Das Wichtigste in Kürze

  • Der Verkauf einer Eigentumswohnung sollte gut vorbereitet werden, wenn Sie den besten Preis erzielen möchten.
  • Vor dem Wohnungsverkauf sollten Sie die wichtigsten Faktoren für den richtigen Verkaufszeitpunkt kennen.
  • Im Grunde ist der Verkauf steuerfrei, wenn Sie die Wohnung selbst genutzt haben.
  • Eine freie Wohnung erzielt im Verkauf ungefähr 30 % mehr Erlös, als der Verkauf einer vermieteten Wohnung.

Checklisten, vermeidbare Fehler und Ihre Rechte!


Sie möchten Ihre Wohnung verkaufen, aber sind sich noch unsicher über das richtige Vorgehen? Wir erklären Ihnen, welche Schritte zu tun sind und wie Sie den Verkauf erfolgreich gestalten können.

Welche Nebenkosten fallen beim Kauf an? Was sind Unterlagen, welche man schon im Voraus vorbereiten kann? Die häufigsten Fehler, die Sie auf jeden Fall nicht machen sollten. Und unsere große Checkliste runden den Ratgeber ab.

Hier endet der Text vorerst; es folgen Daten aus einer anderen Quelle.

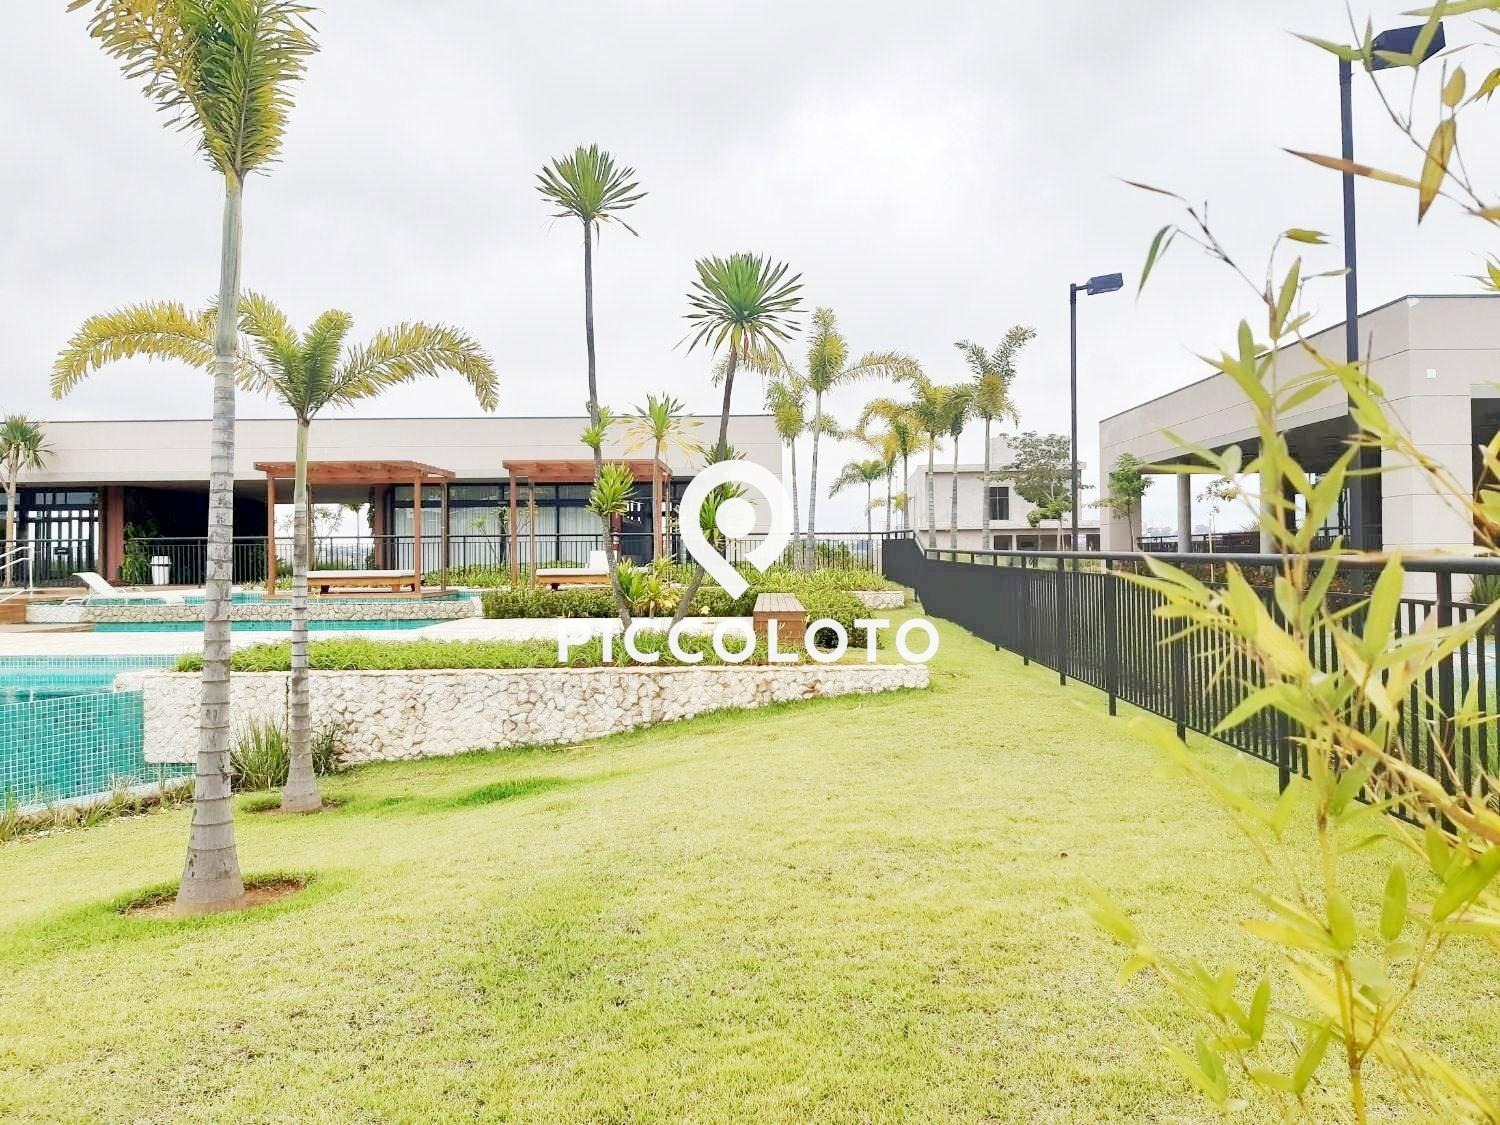 Piccoloto -Casa à venda no Parque Brasil em Paulinia

Wie kann ein Immobilienmakler beim Verkauf mit wichtigen lokalen Informationen behilflich sein?

Tragen Sie die nötigen Unterlagen zusammen


Ein potenzieller Käufer möchte schon vor dem Kauf mit wichtigen Informationen versorgt werden. Aus diesem Grund ist es wichtig, alle benötigten Unterlagen zusammenzutragen. Zu diesen Unterlagen gehören ein Grundbuchauszug, Handwerkerrechnungen und der Grundrissplan mit Maßangaben. 

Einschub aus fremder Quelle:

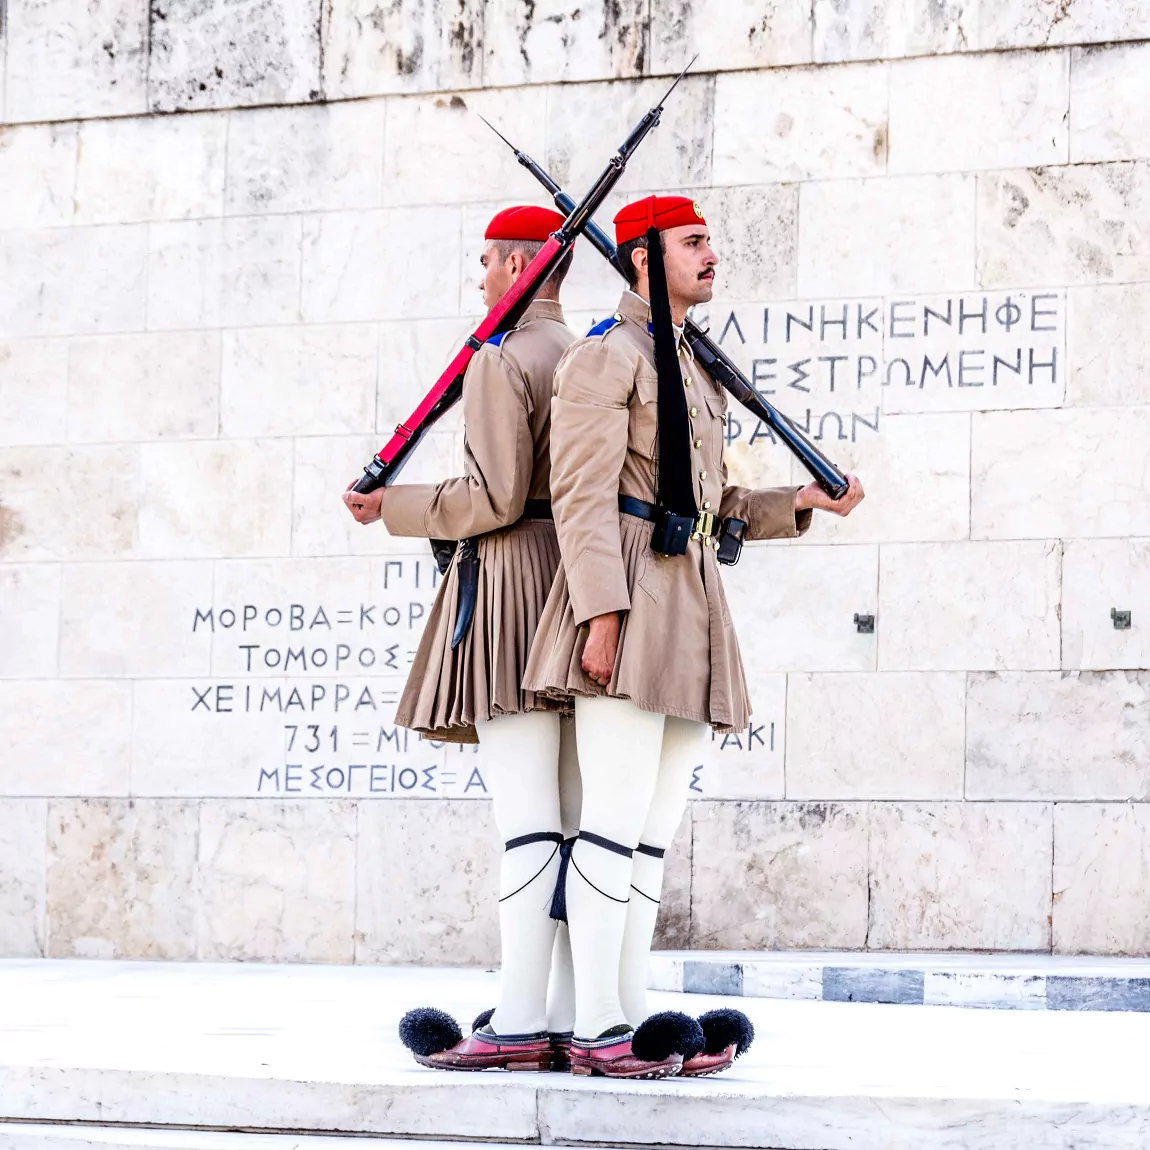 Μνημείο του Άγνωστου Στρατιώτη - Αθήνα

Weitere wichtige Unterlagen sind die Protokolle der letzten drei Eigentümerversammlungen, die Teilungserklärung und die letzte Wohngeldabrechnung. Auch Versicherungen und der aktuelle Wirtschaftsplan sind notwendige Dokumente, ebenso wie die Baubeschreibung und Kopien des Mietvertrags, sofern vorhanden. 

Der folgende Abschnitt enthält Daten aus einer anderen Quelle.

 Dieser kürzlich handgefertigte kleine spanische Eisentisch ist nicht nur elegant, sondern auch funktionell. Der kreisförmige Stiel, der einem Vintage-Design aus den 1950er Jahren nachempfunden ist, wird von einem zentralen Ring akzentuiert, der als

Haben Sie dann noch eine Rücklagenübersicht und den Energieausweis parat, sind alle wichtigen Unterlagen vorhanden und Sie können die Wohnung verkaufen.

  • Grundbuchauszug
  • Grundrissplan / Lageplan
  • Wohnflächenberechnung
  • Nebenkostenabrechnungen
  • Wirtschaftsplan
  • Teilungserklärung
  • evtl. aktueller Mietvertrag
  • Energieausweis
  • Gebäudeversicherungen

Wohnung verkaufen – diese Nebenkosten kommen auf Sie zu


Auch ein Wohnungsverkauf kann zu Kosten führen, die zu begleichen sind. So fallen für den Verkauf der Wohnung Steuern an, die das Finanzamt einfordert. Vor allem, wenn die Wohnung weniger als zehn Jahre im Besitz des Verkäufers war und diese nicht selbst genutzt wurde. Zu diesem Zeitpunkt fällt dann die Spekulationssteuer an. 

Die wichtigsten Kosten auf einen Blick:

  • Grunderwerbsteuer: 3,5 – 6,5 %
  • Grundbuchkosten: 0,5 %
  • Notarkosten: 1,5%
  • Maklercourtage: 3 – 6 %

Im Grunde ist der Verkauf steuerfrei, wenn Sie die Wohnung selbst genutzt oder jedenfalls innerhalb der letzten drei Jahre vor dem Verkauf selbst darin gewohnt haben. Die Spekulationssteuer setzt sich aus der Differenz von Kauf- und Verkaufspreis, der Höhe des zu versteuernden Einkommens und dem persönlichen Steuersatz zusammen. Durch diese Zusammensetzung ist eine pauschale Bemessung der Steuer leider nicht möglich. Allgemein ist zu erwähnen, dass die Nebenkosten meist nicht mitfinanziert werden können und somit vom Erwerber selbst aufgebracht werden müssen.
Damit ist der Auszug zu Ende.